Karen Hutchings Appointed As Strategic Advisor For SilverDoor: An Exclusive Interview

Karen Hutchings Appointed As Strategic Advisor For SilverDoor: An Exclusive Interview
27th March 2024

Karen Hutchings is a renowned leader in business travel and global mobility and has been an influential voice throughout her more than three-decade long career. With an impressive list of accolades under her belt, Karen recently left her role as Global Head of Travel, Meetings & Events at EY after 11 years to start her own business, Cobb & Hutch Consulting.

SilverDoor’s Pauline Houston sat down with Karen this week to catch up on all things travel and mobility; what’s been keeping her busy in 2024, what’s on the horizon for our sector, how businesses can future-proof their travel programmes, and the announcement of some breaking news…

Watch or read the full interview below to find out:

  • How can businesses win the war for talent?
  • How can companies best meet the expectations of the modern business traveller?
  • What is the key to a sustainable future for the travel industry?
  • How has the role of the travel manager evolved in recent years, and what’s the next big thing in business travel?
  • How it’s felt being new kid on the block again, and what advice she would give her younger self!



Follow with the full video transcription:

Pauline Houston (PH): For anybody who's been in business travel for more than five minutes, my guest today needs no introduction. I'd like to welcome to the sofa today, Karen Hutchings. It's lovely to see you.

[What’s Karen Hutchings been up to in 2024?]

Karen Hutchings (KH): So, Karen Hutchings has been [in] avoiding the winter that's for sure, [um] so I've spent three months travelling.

[Um] one just to highlight was the dog sanctuary that I wanted to support in India. [Um] I always said when I left EY (Ernst and Young) that I needed to keep my connectivity with India. [Um] several of the team members were based there and I just grew to love the people and the place and so, having the fix of the dog sanctuary being based there, meant that I could keep that connectivity.

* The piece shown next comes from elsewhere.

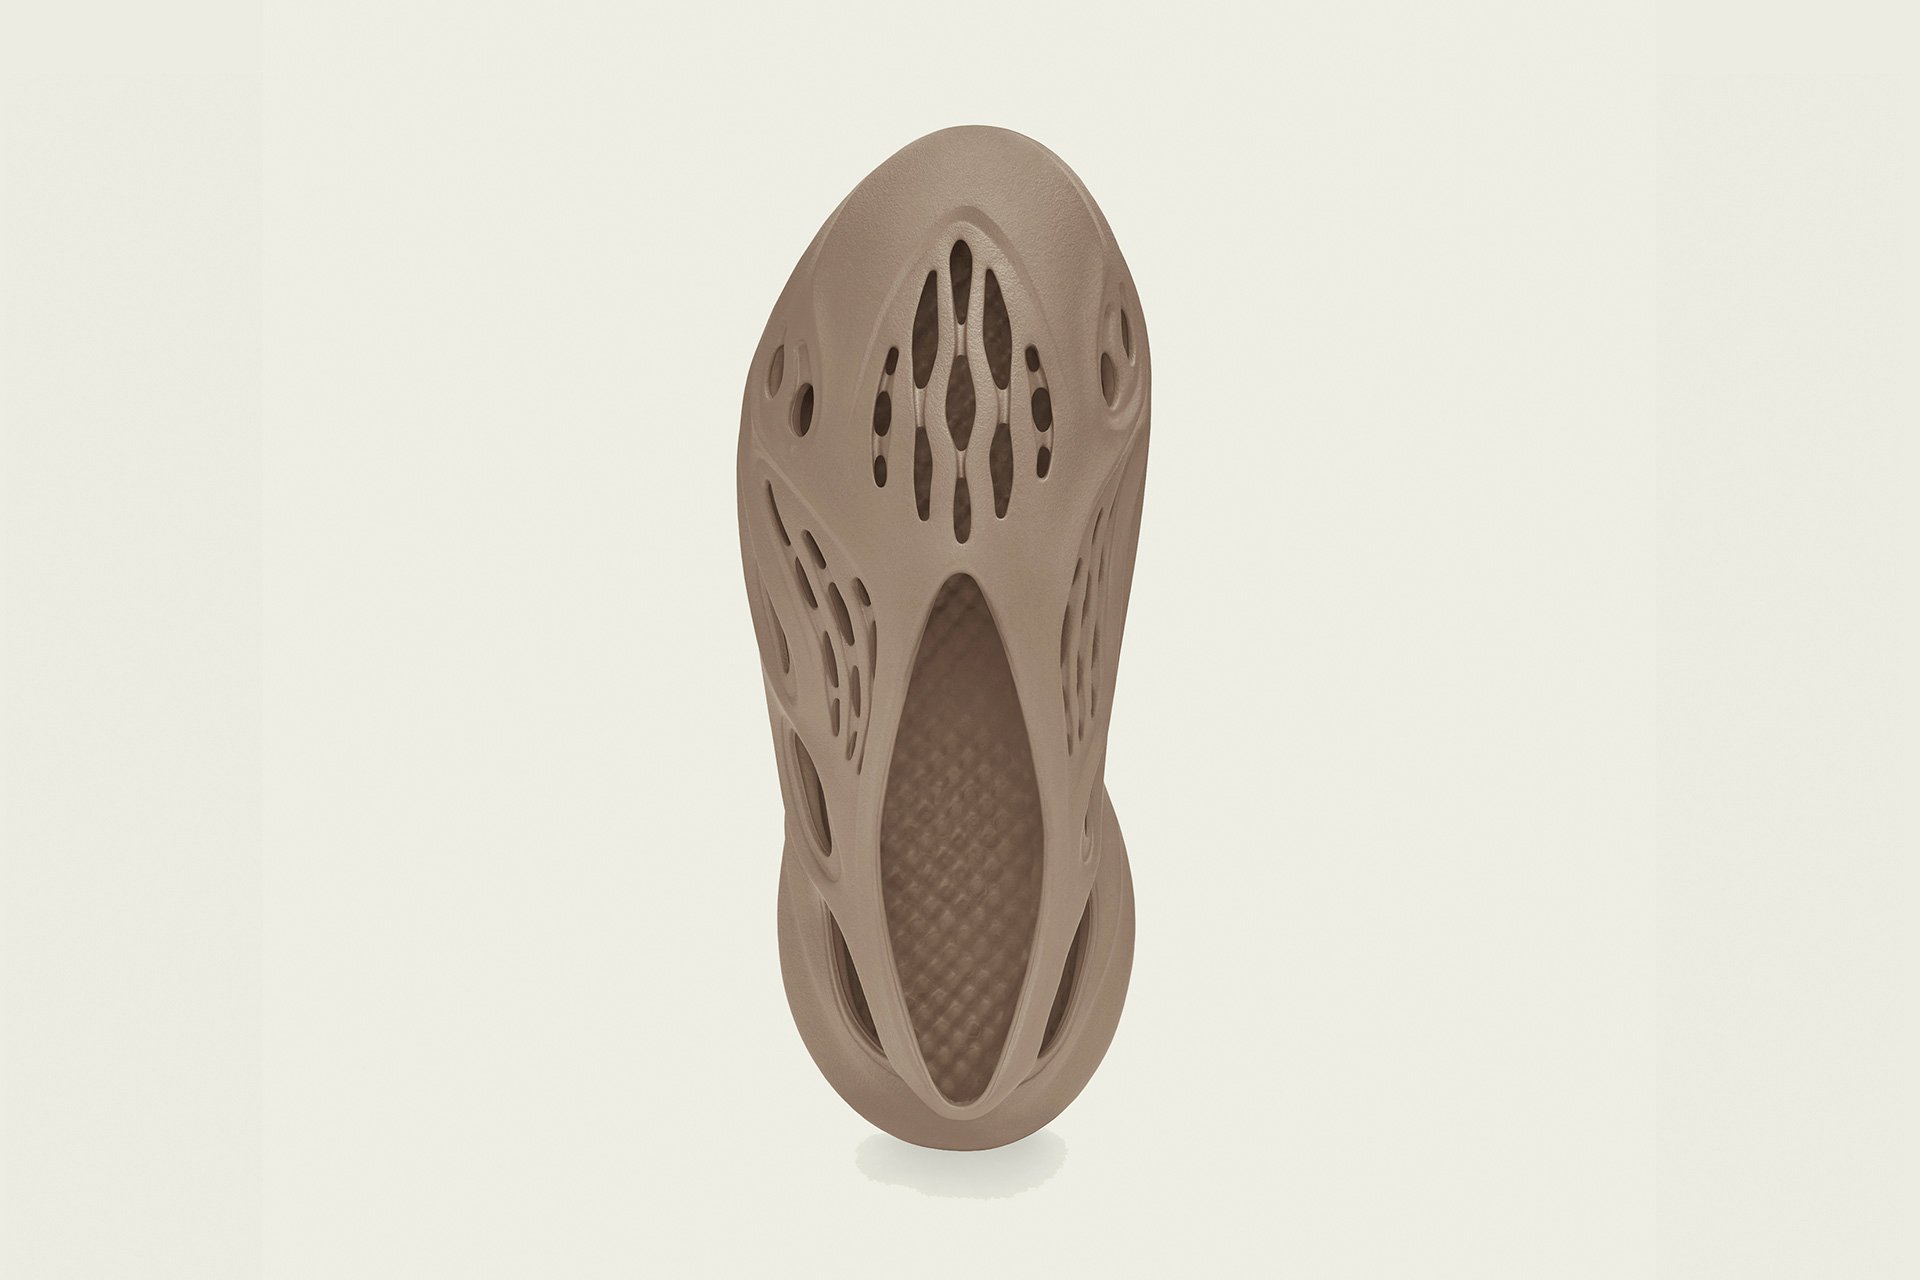 adidas Yeezy Foam Runner, Mist - Footshop - Releases

[Um] interestingly, I actually did a little bit of EY client work as well, just for a couple of days, that sort of broke me in gently to getting back into the work world, and [um] and so now I'm ready to start, though, with three different projects that I'm involved with.

[Um] so, it's been out there already that I'm going to be working with HeadBox, and that's a meetings and events technology company. [Um] you'll hear it first here now, I guess, that I'm going to be working with SilverDoor. [Um] and then there's another company that I can't actually talk about them yet because it's not been made public.

But I realised, though, that whilst I adored working at EY as the company and especially the team, I needed to challenge myself all over again. And so, I set up my own consultancy company, Cobb & Hutch Consulting, which by the way has a logo of a goat, which for those that know me and Brian, my goat, will understand why he's featured very heavily in the logo. But I just realised that I wanted to do something different, [um] bring back some time for me as well, so I'm not necessarily going to be working full time. Although, that said [um], there's a lot of opportunities out there and, if they're all as exciting as SilverDoor and HeadBox, then who knows what else I may do.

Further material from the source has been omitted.